____ Exercise data

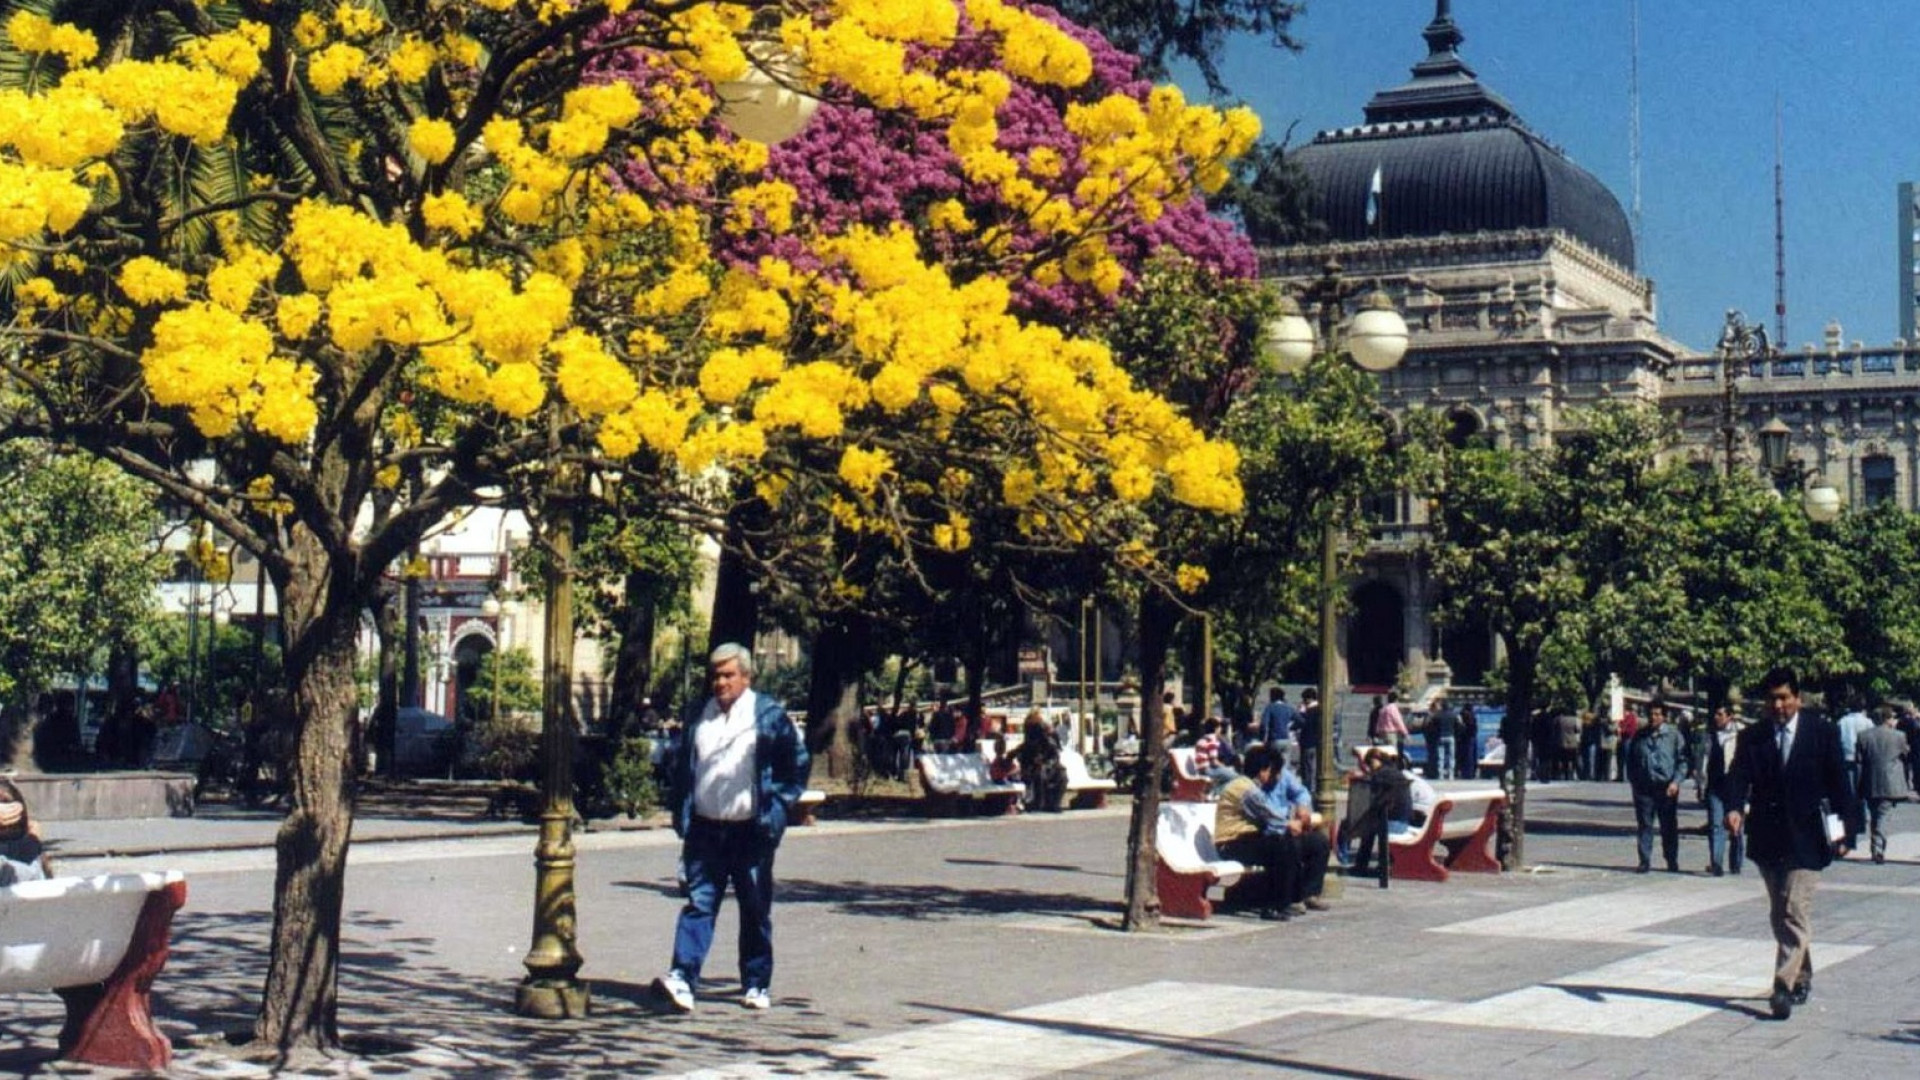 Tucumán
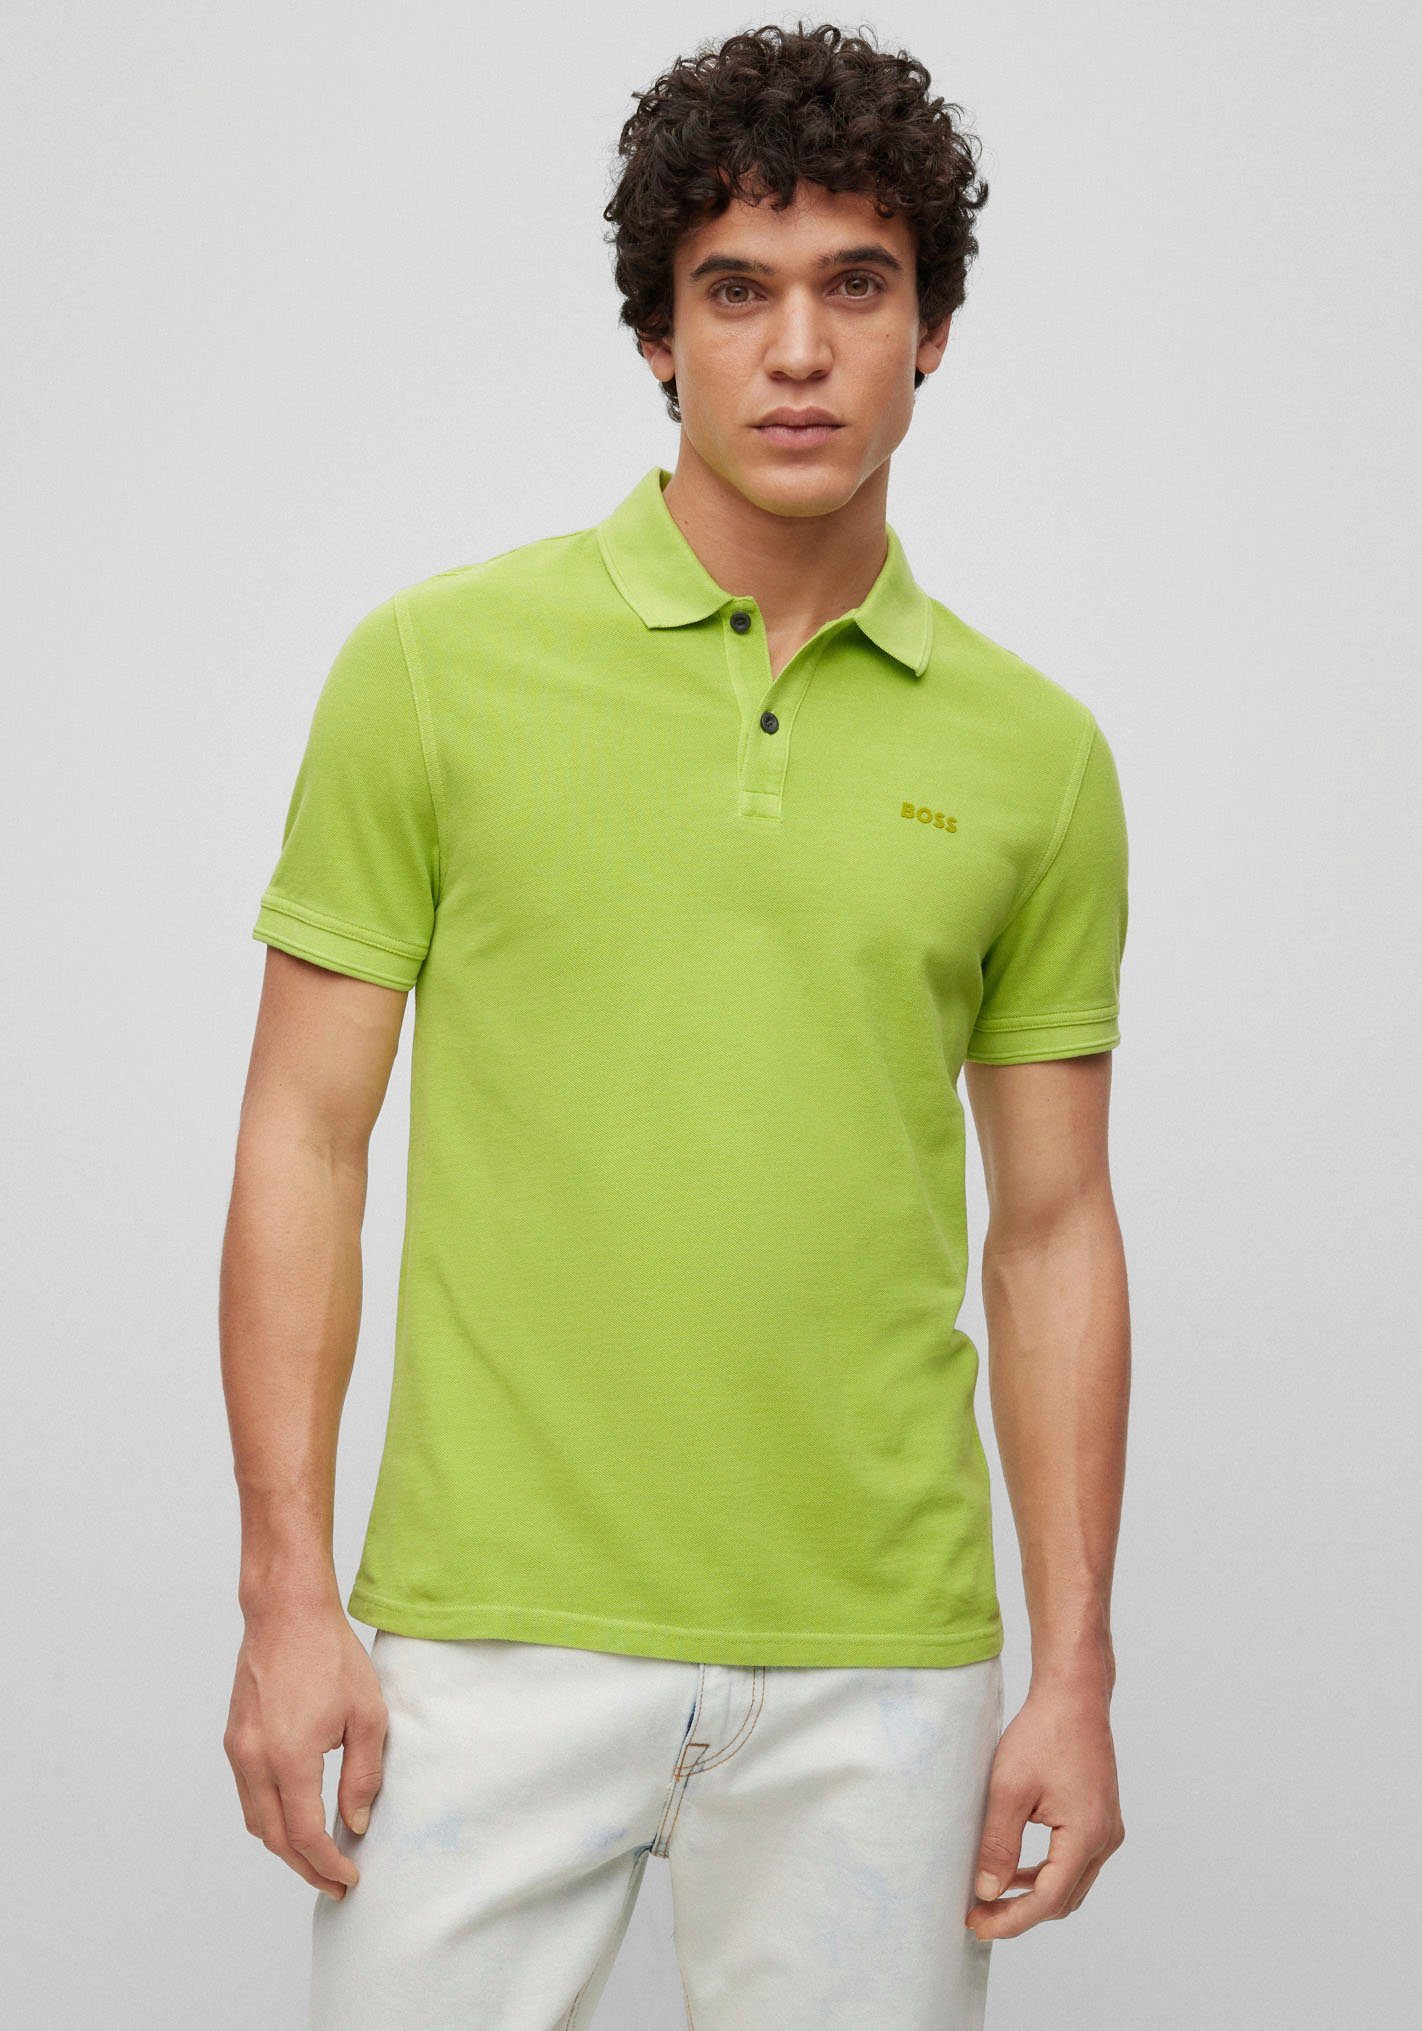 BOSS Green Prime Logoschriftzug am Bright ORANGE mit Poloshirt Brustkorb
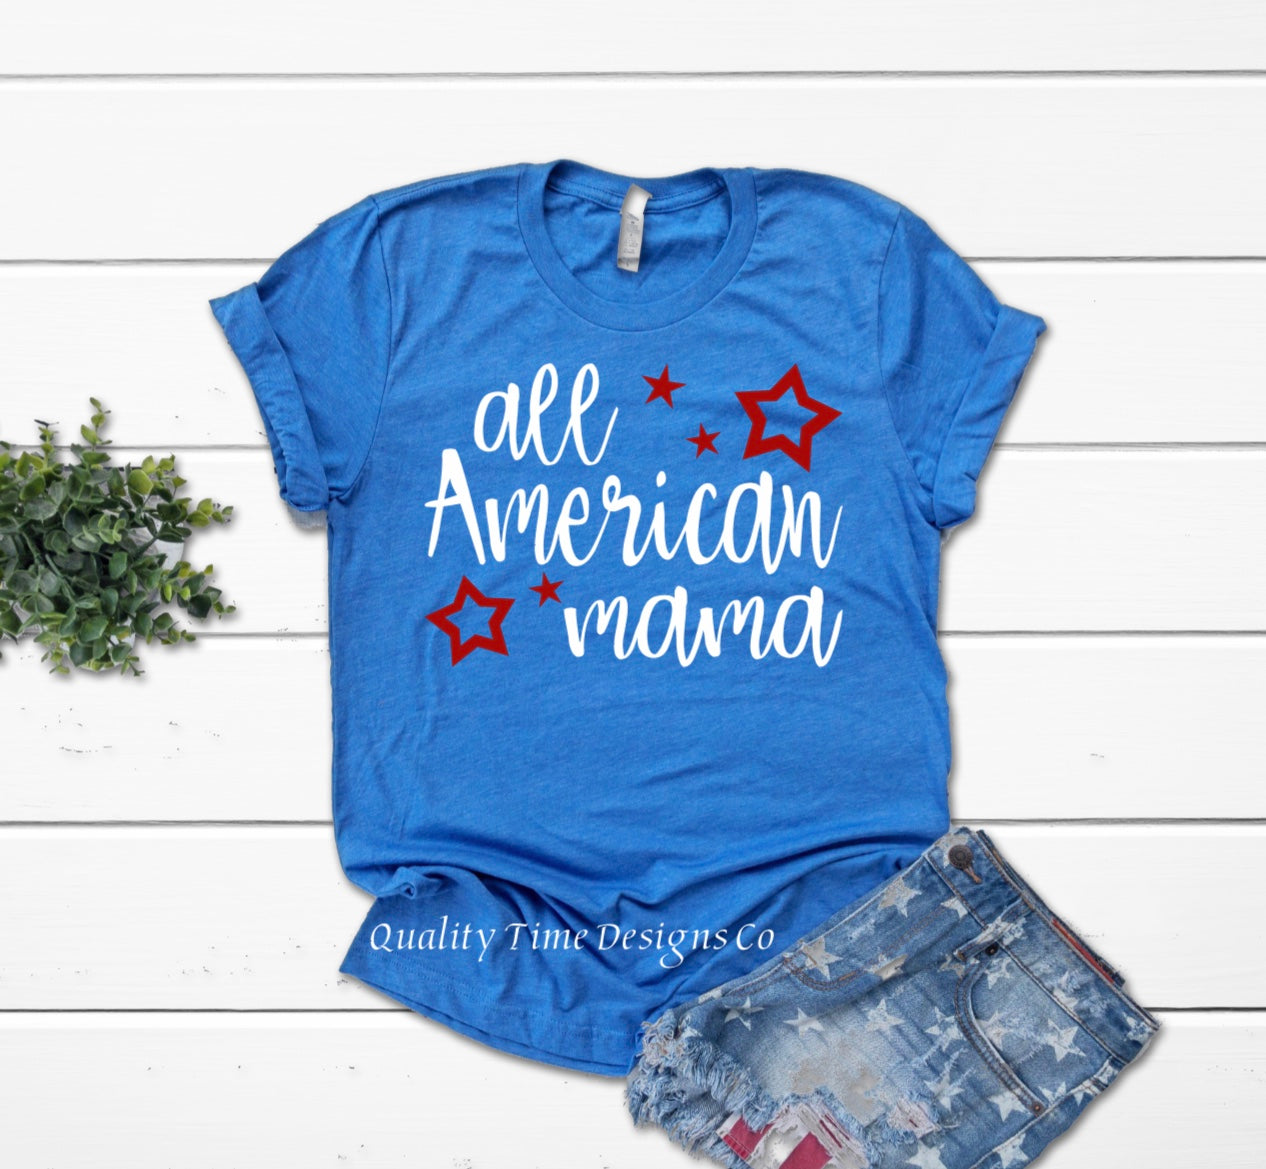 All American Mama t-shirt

________

Reproduce everything above exactly, images excluded.

Answer below:
 Tucumán
 BOSS Green Prime Logoschriftzug am Bright ORANGE mit Poloshirt Brustkorb
 All American Mama t-shirt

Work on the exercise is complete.